Surviving 15 years in captivity at the hands of a doomsday cult leader is hardly commonplace sitcom territory, but “Unbreakable Kimmy Schmidt,” the new show from Tina Fey, braves its dark subject matter with bubbly self-assurance and a terrific performance by lead Ellie Kemper.
Kemper plays the eponymous Kimmy, who, after being kidnapped in eighth grade and held in a bunker with three other women in an underground apocalypse cult, is finally seeing the light of day. Now 29 years old, Kimmy is dead-set on making it in Manhattan and experiencing every bit of the world she was missing for 15 years. Kimmy, armed with a backpack and light-up sneakers, finds a grungy basement apartment with roommate Titus, a quippy aspiring performer played by Tituss Burgess, and off-kilter landlady Lillian, played by Carol Kane.
Kimmy finds work – and the show finds its strongest laughs – in the home of Jacqueline Voorhees, a wealthy Manhattanite played by Jane Krakowski. Jacqueline needs a nanny for her son and stepdaughter and finds one when Kimmy, like Fran Fine before her, happens to knock on her door. Krakowski nails her character’s dry wit and Xanax-tinged mania. Even if Jacqueline is just a variation on Jenna (Krakowski’s brilliant character on Fey’s earlier show, “30 Rock”), she makes for funny television.
Fey created “Unbreakable Kimmy Schmidt” with fellow “30 Rock” writer Robert Carlock, and the signature whirlwind banter from that show is on display here, as well. The density of the dialogue and sheer number of gags in each episode make rewatching Kimmy’s adventures as rewarding as rewatching Liz Lemon’s. Schmidt differentiates itself from 30 Rock, however, in its ceaseless optimism. Kemper has made a career playing sunny supporting roles, but here she is given a lead character with the screen time to ground her trademark hopeful energy in a place that is endearing and never repetitive.
“Unbreakable Kimmy Schmidt” is not without its shortcomings. Fey has encountered trouble in the past for her jokes about race, most recently for a bit about Kim Jong Un at the Golden Globes, and her new show tackles the topic with mixed results. The show seems to want to make subversive comments about race – one subplot finds Titus leaving work in an elaborate werewolf costume and discovering the experience safer and more pleasant than walking in New York as a black, gay man – but, more often than not, that subversion reads as more overtly racist than anything else. Particularly cringe-inducing is a subplot involving Jacqueline, played by a white actress, remembering her Native American upbringing, and a love interest named Dong, a Vietnamese man in Kimmy’s GED class who speaks in broken English and is good at math.

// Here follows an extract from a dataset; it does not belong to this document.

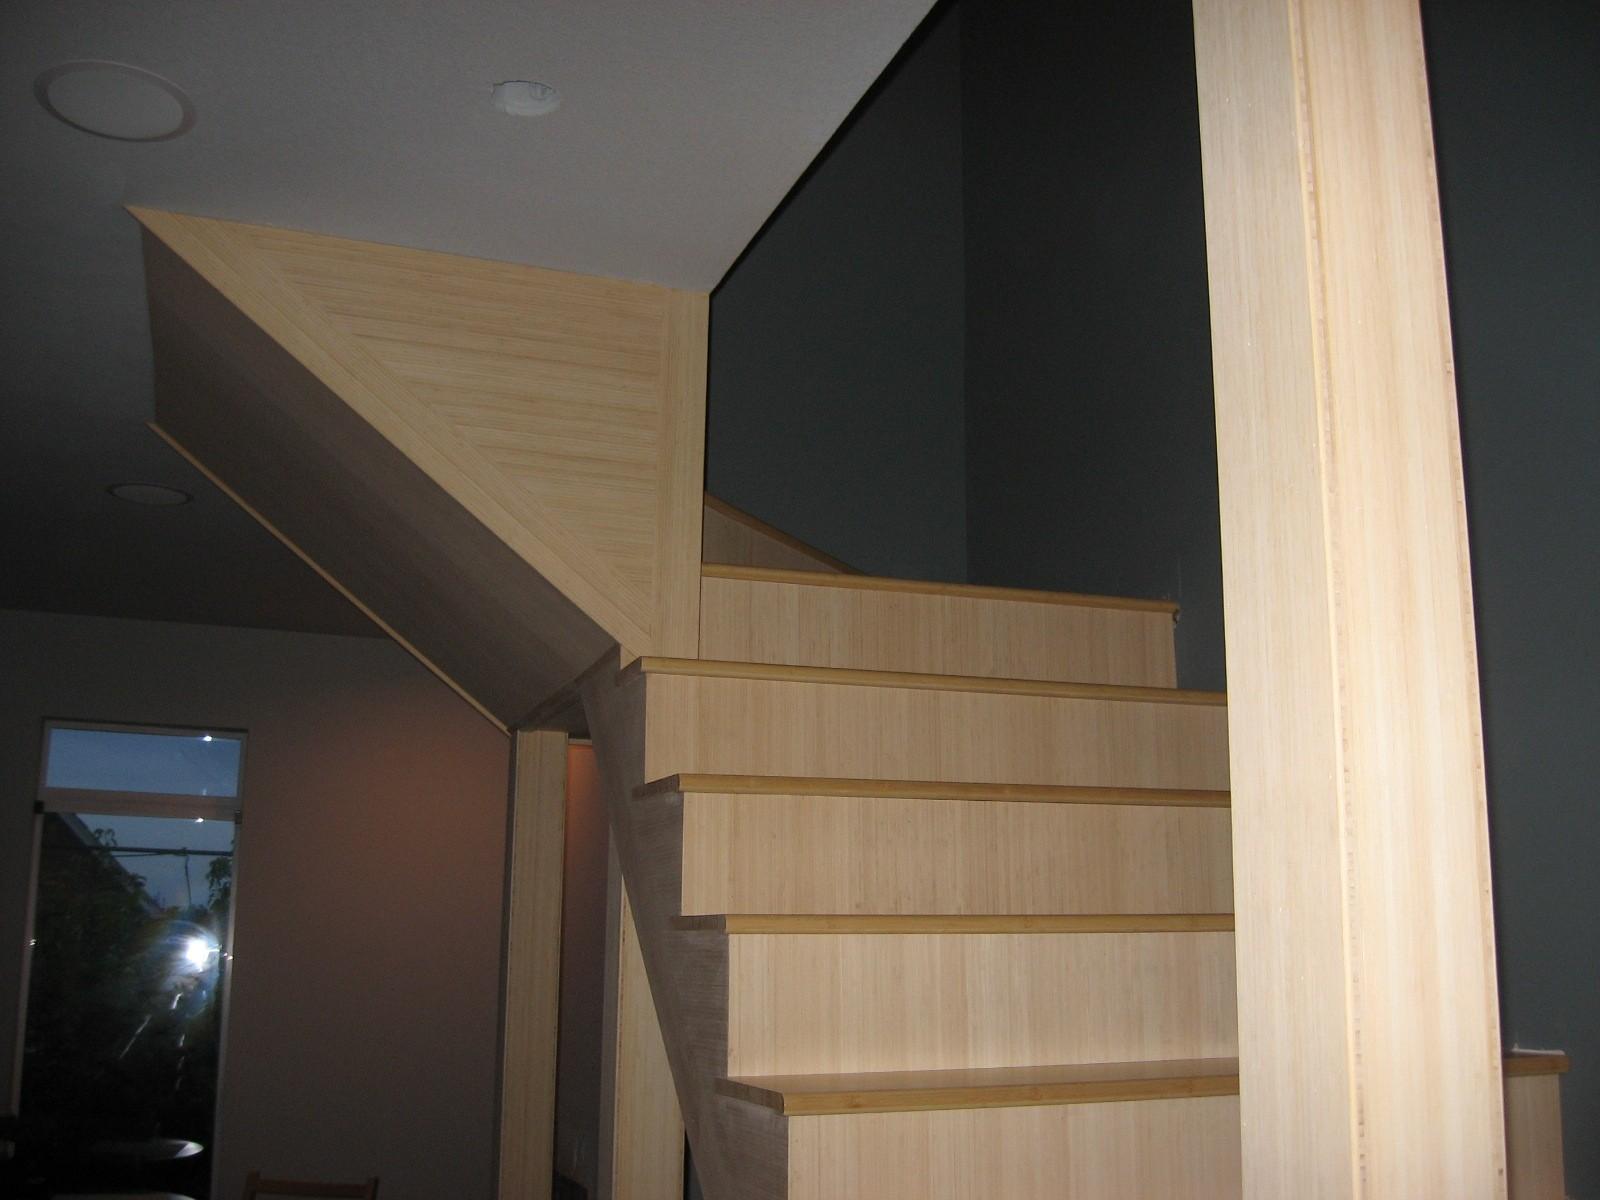 bamboo-stair-4.jpg
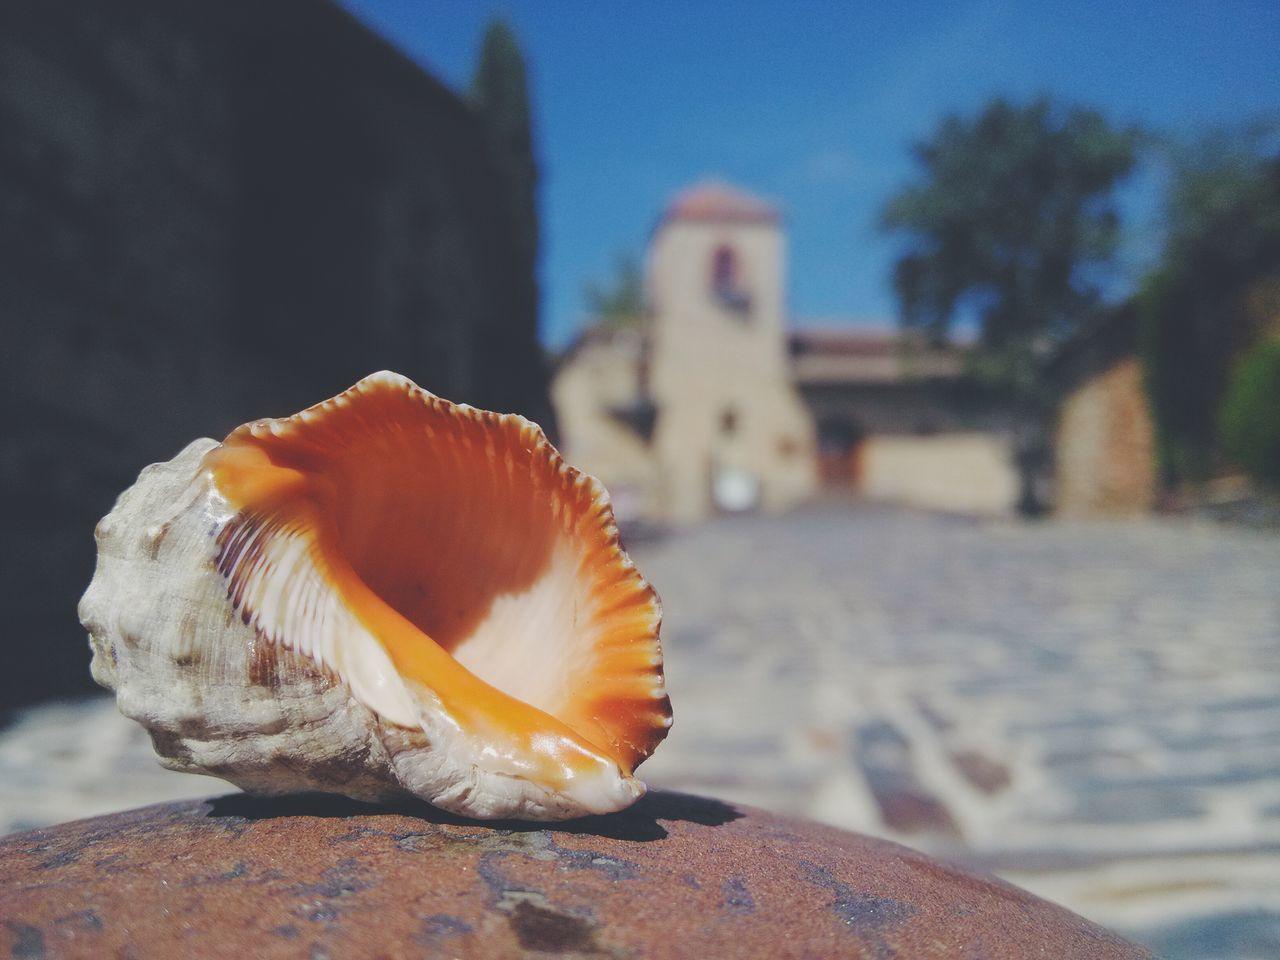 La caracola viajera vuelve al camino. Patones de Arriba, Madrid Caracolaviajera Eyeen Best Shots AMPt - My Perspective Dreams And Seashells

Despite the occasional sour taste left by the show’s poor attempts at edgy commentary on race, “Unbreakable Kimmy Schmidt” is a charming and often hilarious comedy. In a television landscape filled with 30-minute comedies like “Girls” and “Looking” that are, well, not very funny, Schmidt made me laugh out loud. The show’s 13-episode first season was released in its entirety last week on Netflix with another batch of episodes already in the works. One would be hard-pressed to find a better show to binge watch over spring break.